### Provided data
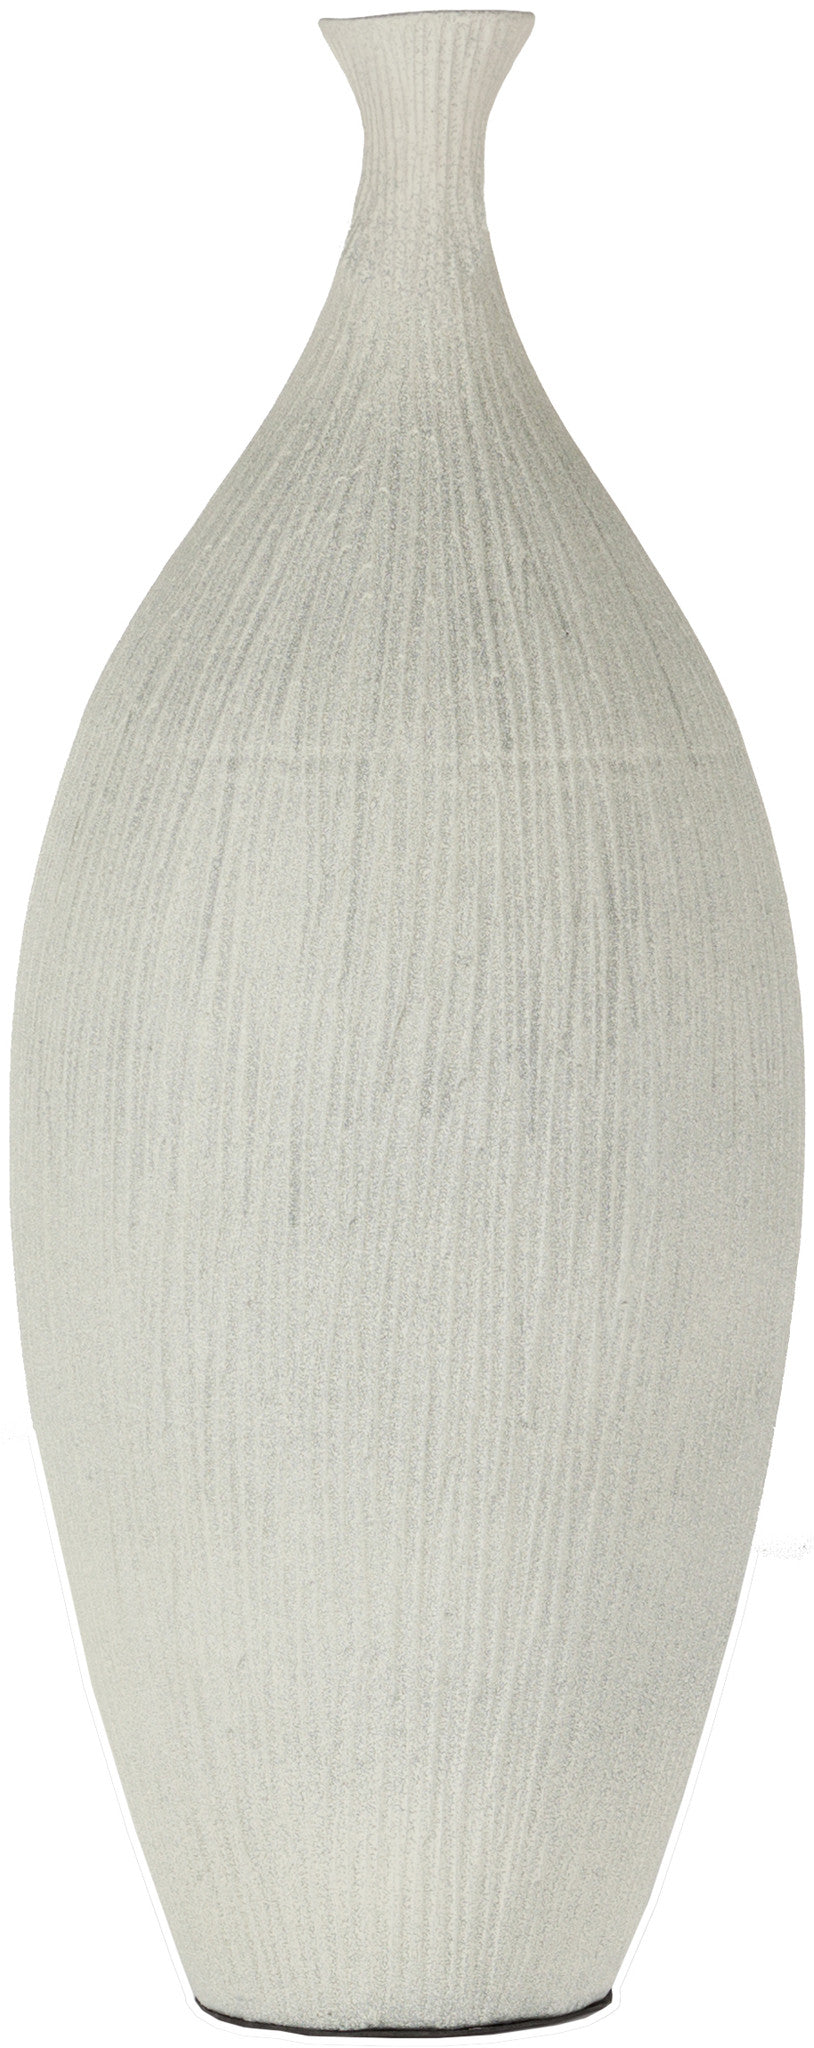 Surya Natural NCV-852 Vase main image
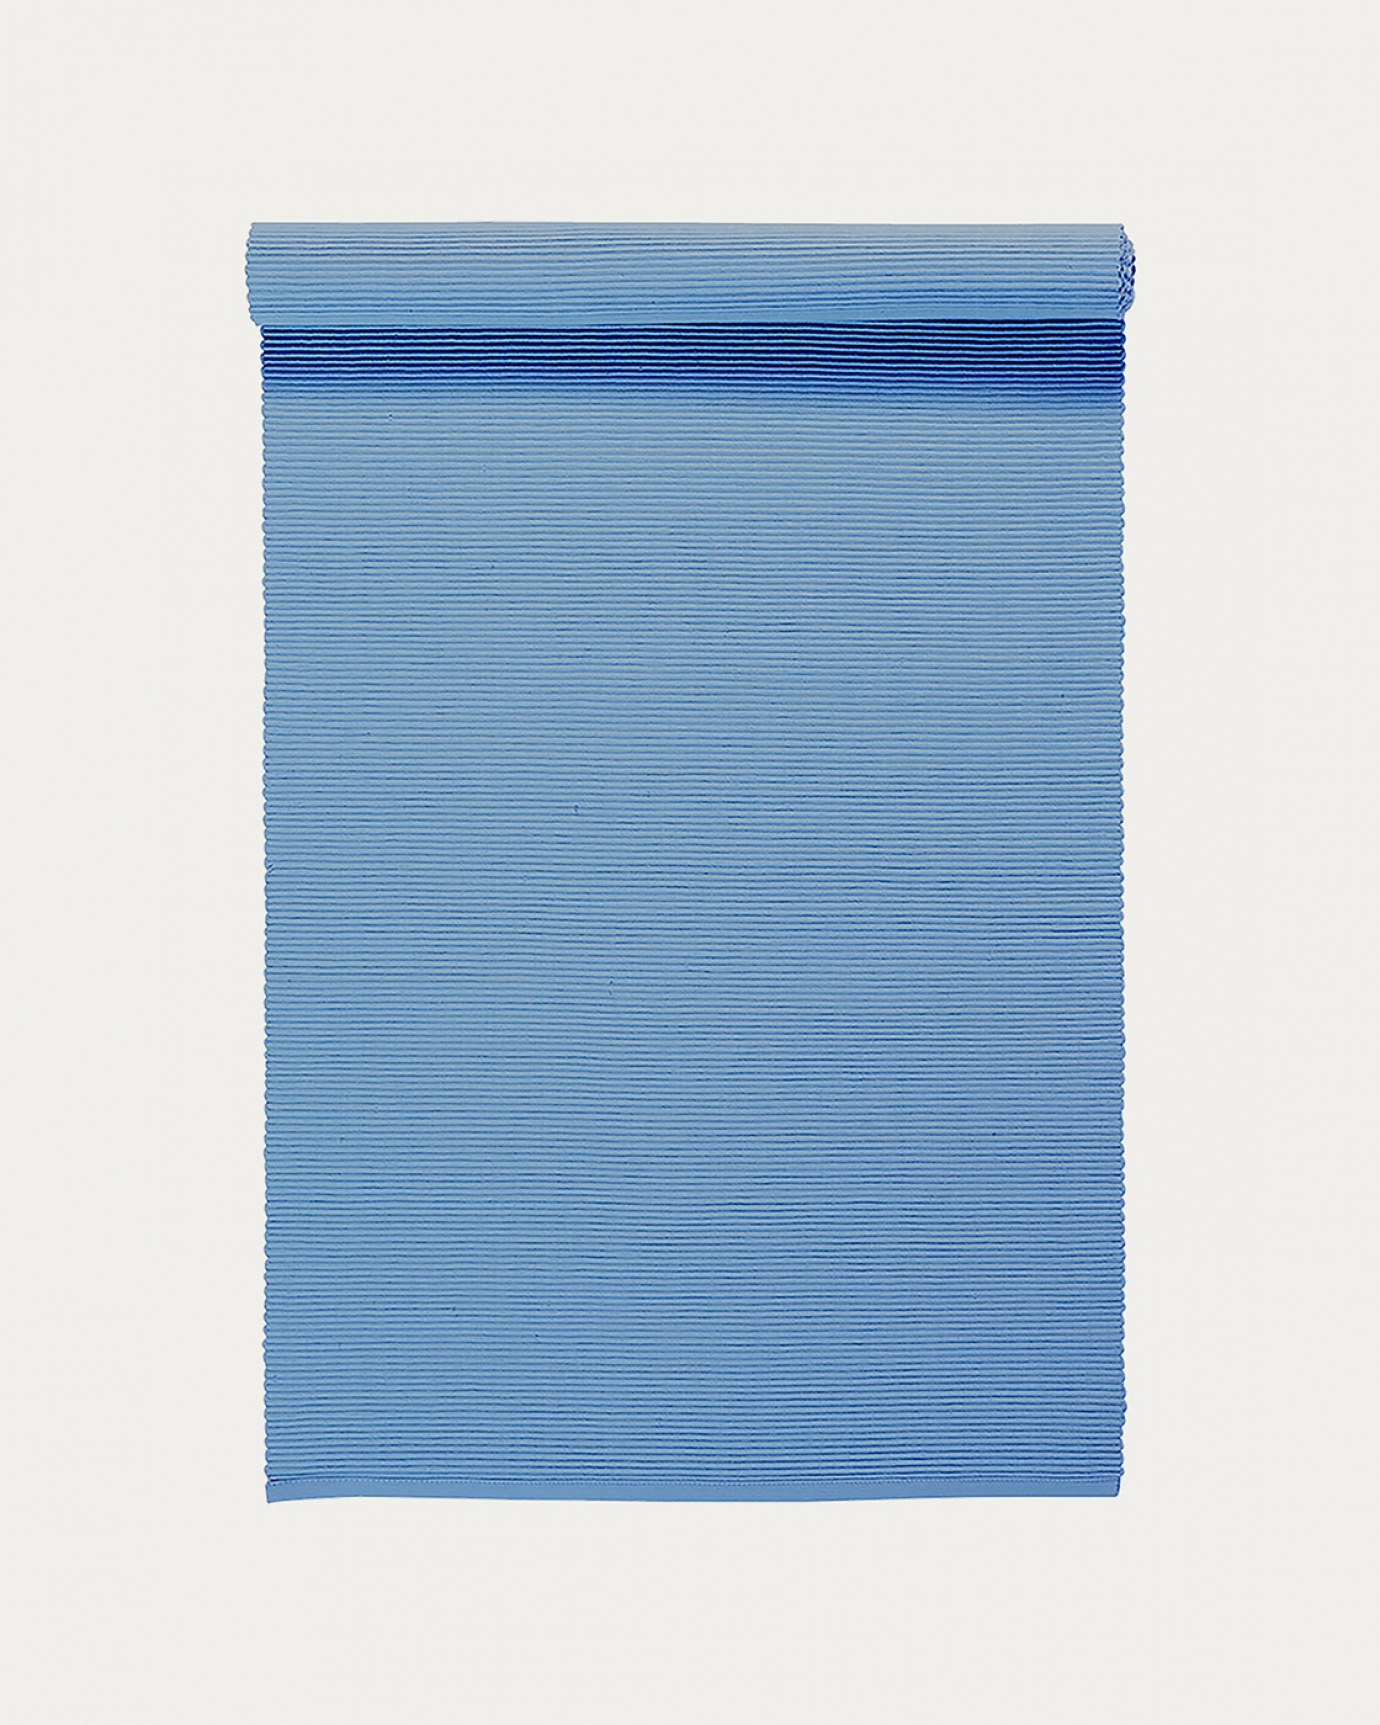 Produktbild helles donnerblau UNI Tischläufer aus weicher Baumwolle in Rippenqualität von LINUM DESIGN. Größe 45x150 cm.
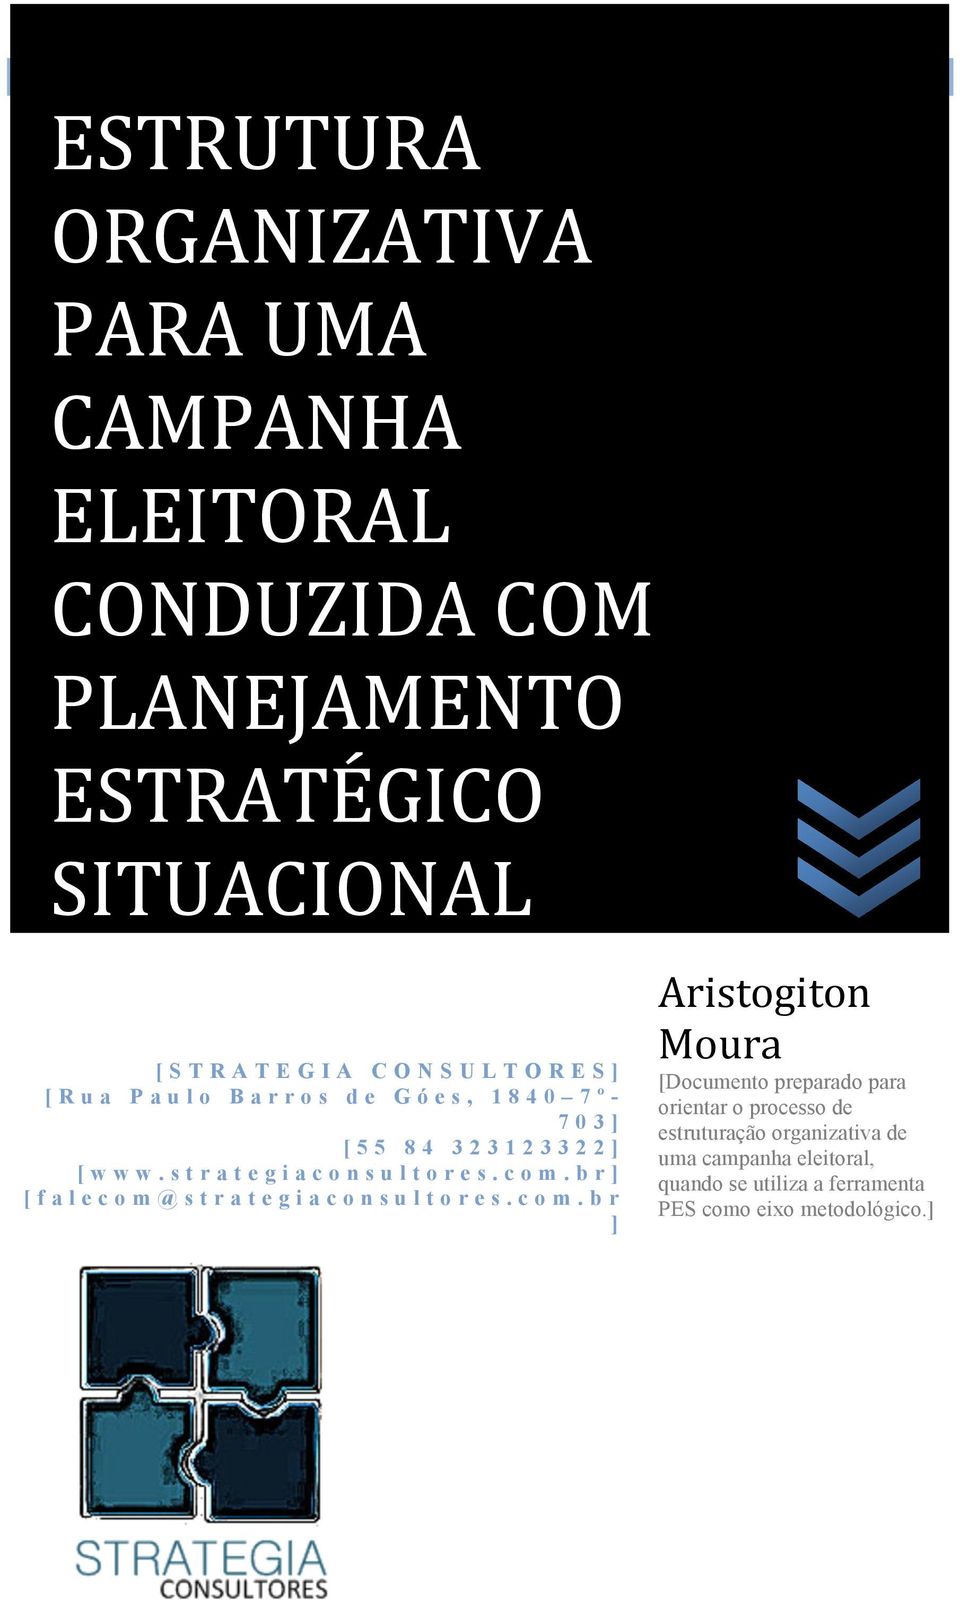 com.br] [ falecom@strategiaconsultores.com.br ] Aristogiton' Moura' [Documento preparado para orientar o processo
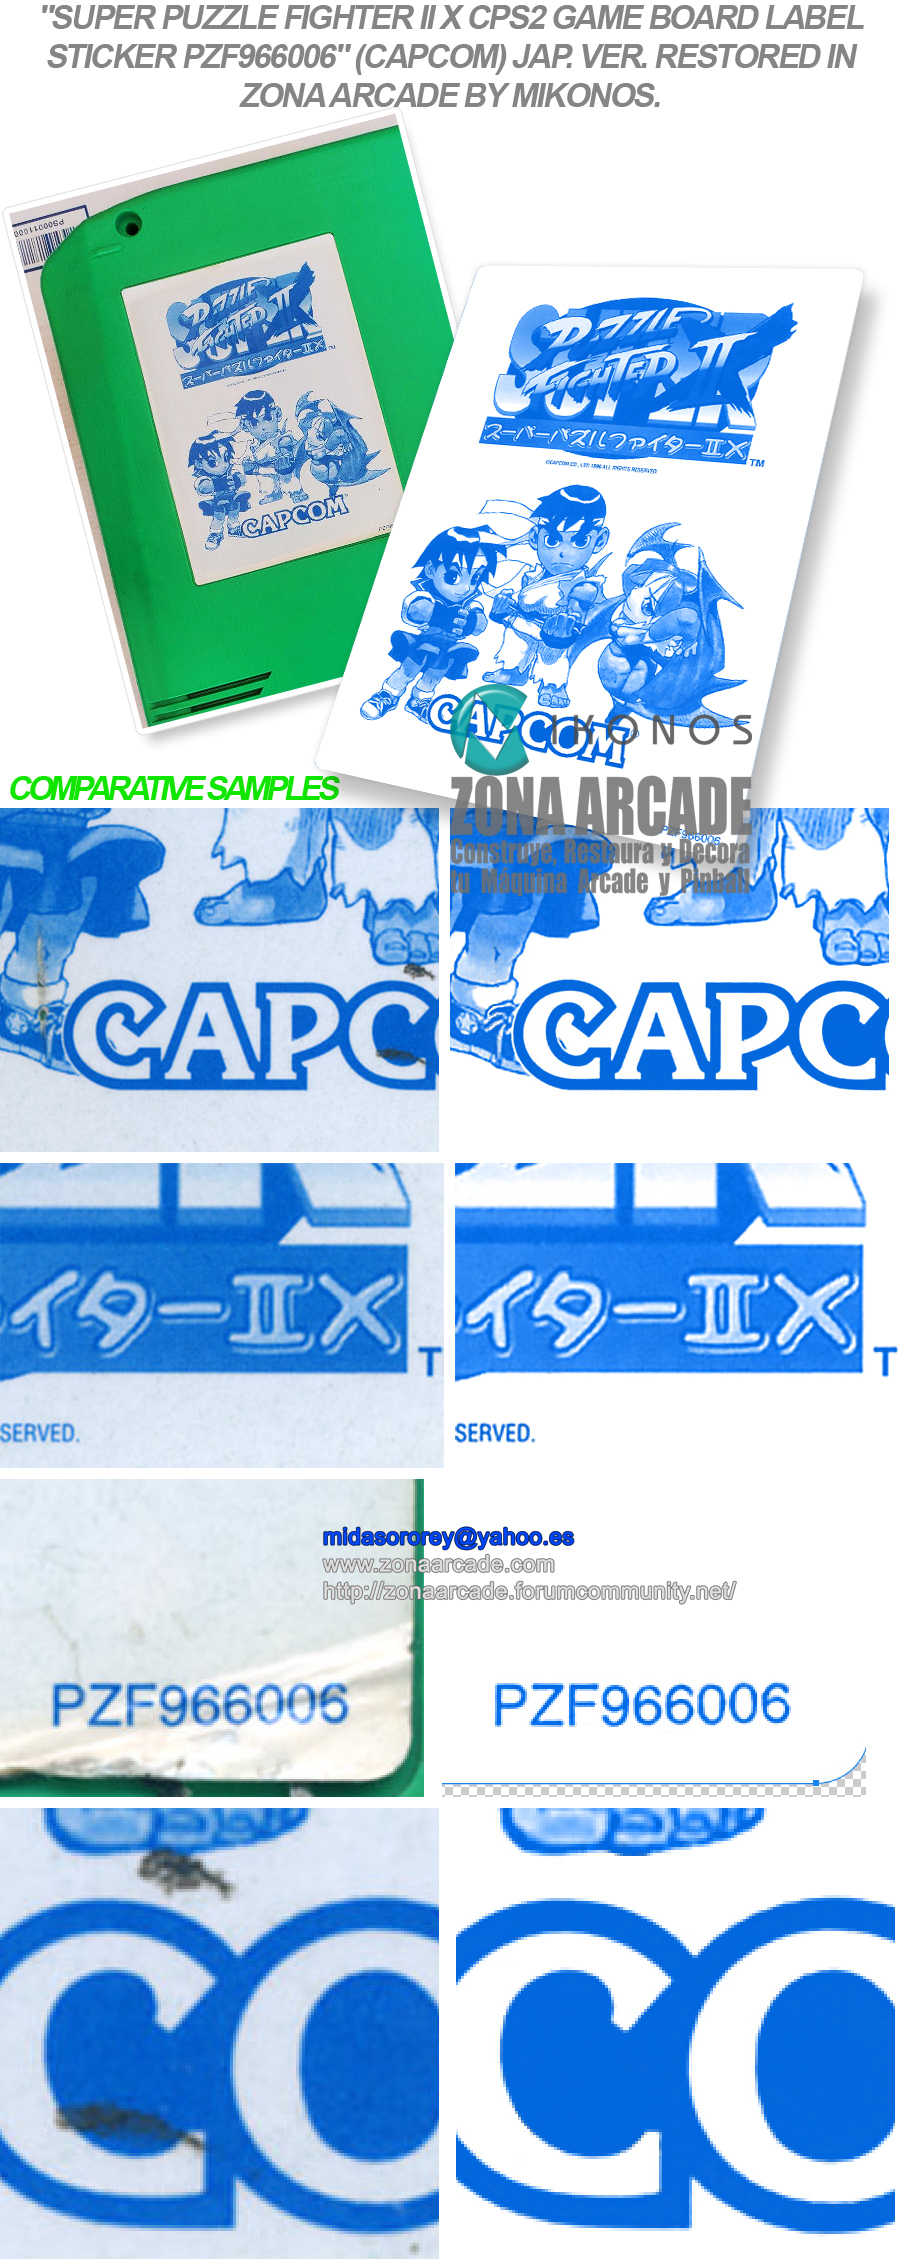 Super-Puzzle-Fighter-II-X-CPS2-Game-Board-Label-Sticker-PZF966006-Restored-Mikonos1

### Action item
Give back the full listing exactly as written, only without its pictures.

### Exercise response
 Surya Natural NCV-852 Vase main image
 Produktbild helles donnerblau UNI Tischläufer aus weicher Baumwolle in Rippenqualität von LINUM DESIGN. Größe 45x150 cm.
 com.br] [ falecom@strategiaconsultores.com.br ] Aristogiton' Moura' [Documento preparado para orientar o processo
 Super-Puzzle-Fighter-II-X-CPS2-Game-Board-Label-Sticker-PZF966006-Restored-Mikonos1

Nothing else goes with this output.